Failed lumbar disc surgery: cause, assessment, treatment.
Clin Orthop Relat Res
; (164): 93-109, 1982 Apr.
Article
in En
| MEDLINE
| ID: mdl-7067309
The challenge of failed back surgery is in the decision of when to operate and how to do it competently. Specific neuroanatomic indications as a basis for surgical treatment should reduce surgical failures. One source of failure is a "battered root" and the arachnoiditis which may follow limited or inadequate interlaminar exposure. Even with adequate interlaminar exposure, hemostasis may be difficult if preoperative positioning of the patient to diminish intra-abdominal pressure has not been performed. Bleeding can obscure the operative field and the surgeon's ability to visualize and deal with the problem at hand.
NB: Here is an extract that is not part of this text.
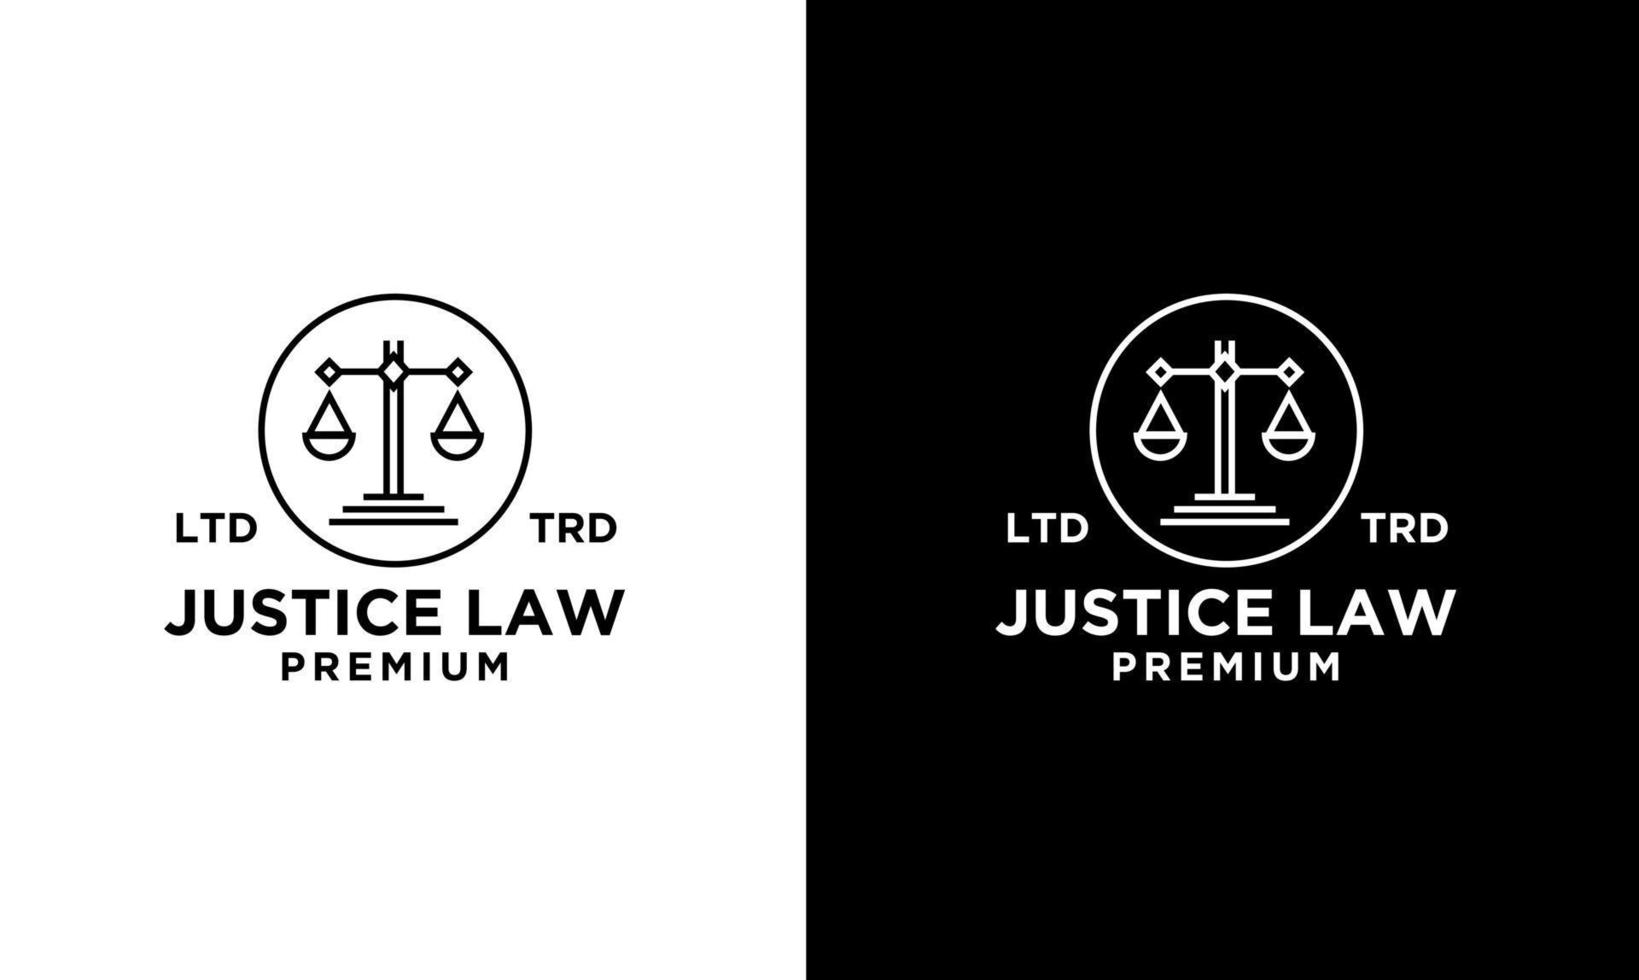 cyber justice law firm logo icon design vector

A less common cause of failure is segmental instability. This may be pre-existing and related to facet tropism. It may also be a consequence of surgical removal of posterior vertebral elements, thus creating a loss of stability with or without a discernable change in vertebral alignment. The surgeon should try to: avoid becoming enmeshed in the psychodynamic problems of patients. He should use specific diagnostic tests, e.g., nerve blocks or facet injections, in an effort to localize specific sources of pain; recognize that prognosis is adversely affected by additional surgery; and avoid "exploratory" operations. Furthermore, neurolysis without spatial decompression, bony or otherwise, is eventually futile. All patients with failed back surgery have a psychodynamic component to their pain. This article will have achieved its purpose if it promotes recognition that a small percentage of patients with failed back surgery can be helped. These are individuals in whom specific diagnostic tests or clinical acumen uncover a surgically correctable lesion, be it compressive or radiculopathy or segmental instability. In such instances an adverse psychologic profile need not necessarily be a deterrent to surgical treatment.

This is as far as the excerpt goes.